Find index of all occurences of a string


Say I have a string like:


Then I want to find the index of what corresponds to “aaa” so I would expect to find something like:

index = [1:3,7:9,13:15]

I know that “findfirst” exists and I could just make a subfunction utilizing this, just wondered if there was an easier approach.

One option would be to use a regular expression. You can provide a third argument to match() instructing the search to start from a particular position in the string, which you can use to find sequential matches like so:

julia> pattern = r"aaa" # the r"" prefix makes this a regular expression

julia> target = "aaabbbaaabbbaaabbb"

julia> m = match(pattern, target)

julia> m.offset

julia> m = match(pattern, target, m.offset + 1)

julia> m.offset

julia> m = match(pattern, target, m.offset + 1)

julia> m.offset
Thanks, now I can try benchmarking both functions, I will have to make a for loop it seems, if my keyword appears multiple times.

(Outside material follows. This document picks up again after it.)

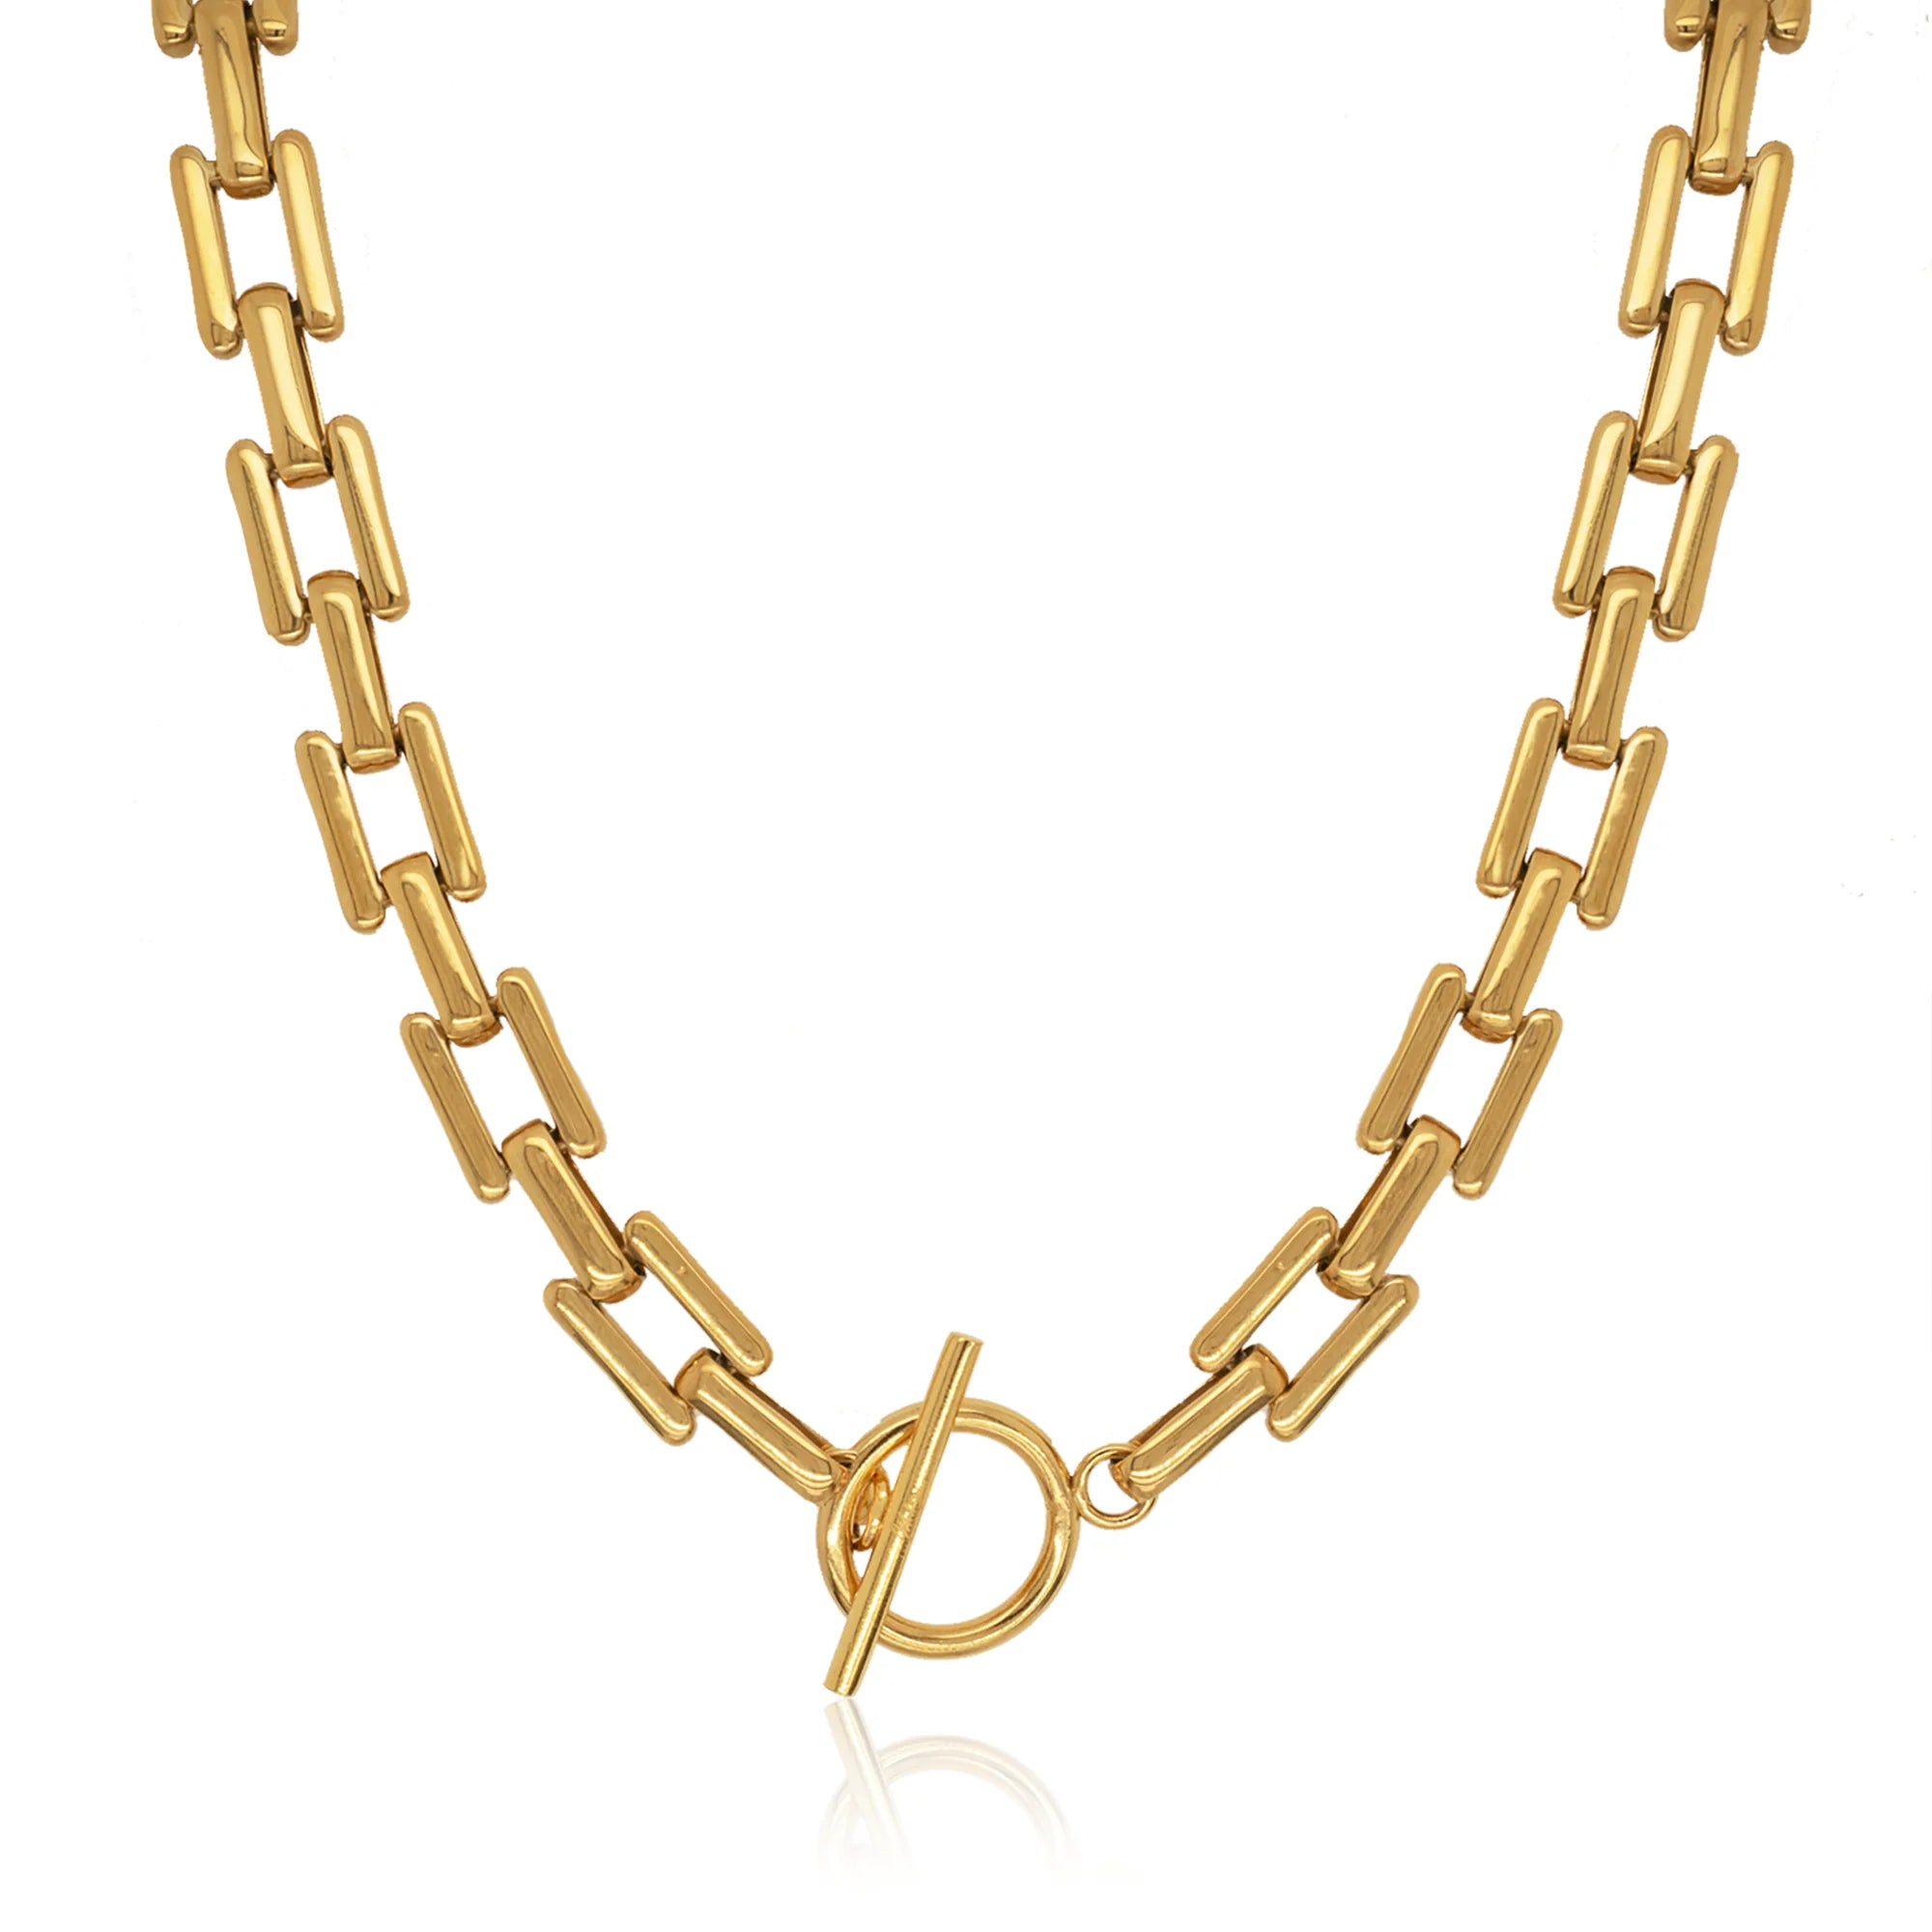 The Lennon Chain Necklace

In theory findall("aaa", "aaabbbaaabbbaaabbb") should probably do what you request. That would be consistent with findfirst and friends. Feel free to file a feature request.


Will do so tomorrow, I also wondered why it didn’t.

I think it used to, or there was some similar function that did. There was a major refactor of search and find* functions before the release of 1.0, you’ll probably find something about this in that issue or related PRs.


How about using eachmatch ? (I guess it’s a natural next step from @rdeits’s suggestion)

julia> s  = "aaabbbaaabbbaaabbb"
julia> range(m::RegexMatch) = m.offset .+ (0:length(m.match)-1)
julia> [range(e) for e ∈ eachmatch(r"aaa", s)]

Edit: if done over characters that may not have length one, you’d have to adjust range to something like 0:prevind(m.match, lastindex(m.match))